I have a NuGet package that sets up some PowerShell cmdlets in its Init.ps1 file, and one of the things I'd like them to be able to do is set environment variables that are passed to a build in Visual Studio.
In my Init.ps1 script I use the line:
[Environment]::SetEnvironmentVariable("MyVariable", $someValue, "User")
...to set a 'User' level environment variable, figuring that a regular 'Process' level variable won't work since Package Manager Console is in a different process than MSBuild.
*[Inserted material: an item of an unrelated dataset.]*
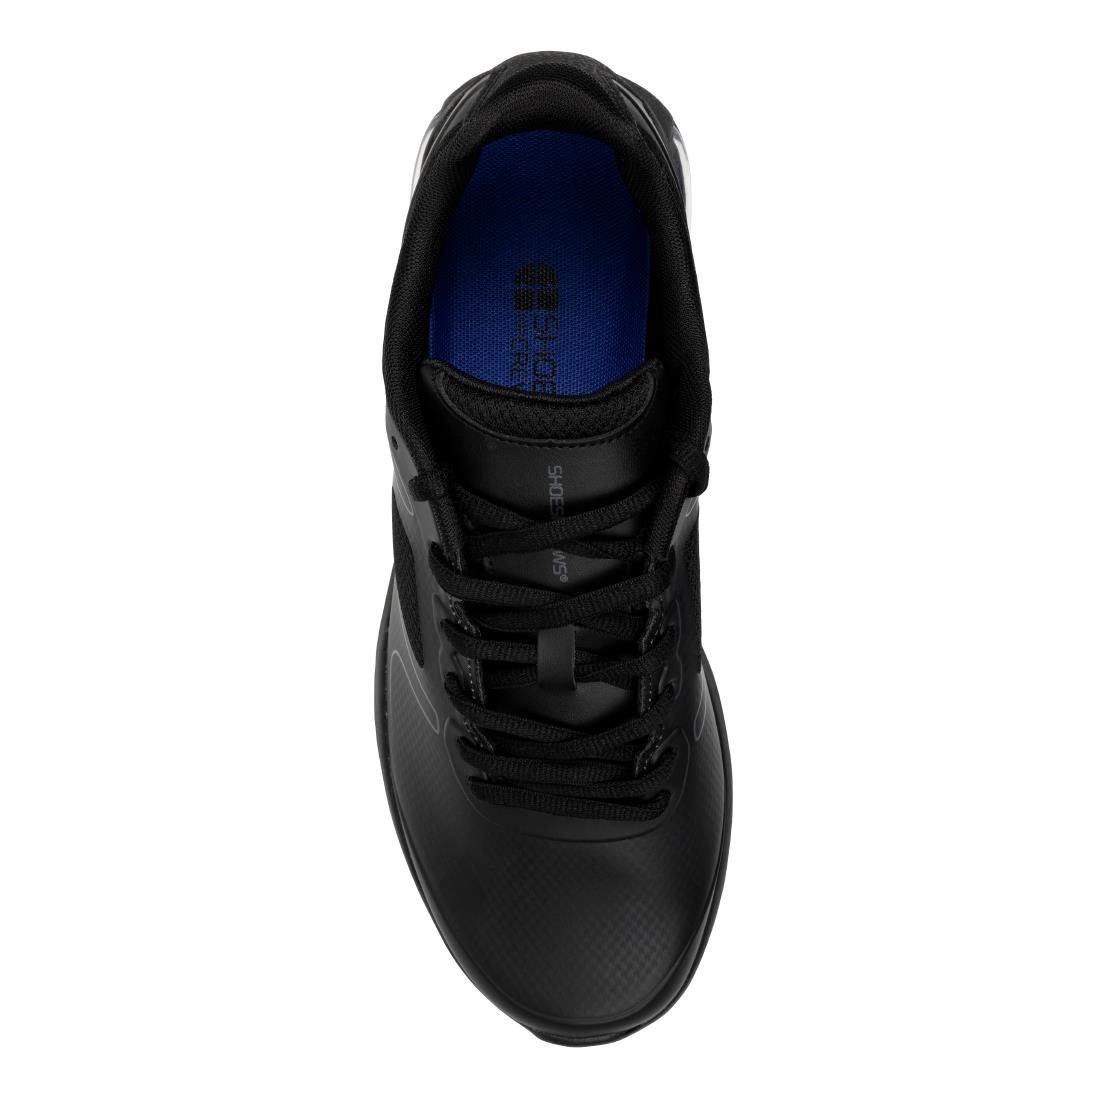 BB586-46 Shoes for Crews Men's Evolution Trainers Black Size 46

Also, manually setting $env:MyVariable = "foo"
in Package Manager Console does not pass its value to MSBuild.
- In MSBuild, a regular
$(MyVariable)
is not populated with 'foo' as desired. - If I use
[Environment]::GetEnvironmentVariable('MyVariable')
, the overload that normally lets me target EnvironmentVariableTarget.User is not available.
The goal is to be able to drop to Package Manager Console, run an arbitrary cmdlet and have the changes persisted in properties during build. Answers that require reboot, restart or reloading a solution aren't what I'm looking for.
- Am I missing something about environment variables?
- Is there another simple way to set build properties from Package Manager Console that I've overlooked (short of using EnvDTE or Microsoft.Build to manually edit each project's csproj file?
Update - some further discoveries:
- The environment variables are set correctly, and I can echo them back from command prompt too.
- If I restart Visual Studio completely then the variable finally reaches MSBUILD, but then subsequent changes to the variable aren't picked up.
Seems like Visual Studio is caching the environment variable. Is there a way to 'refresh' a process' environment variables?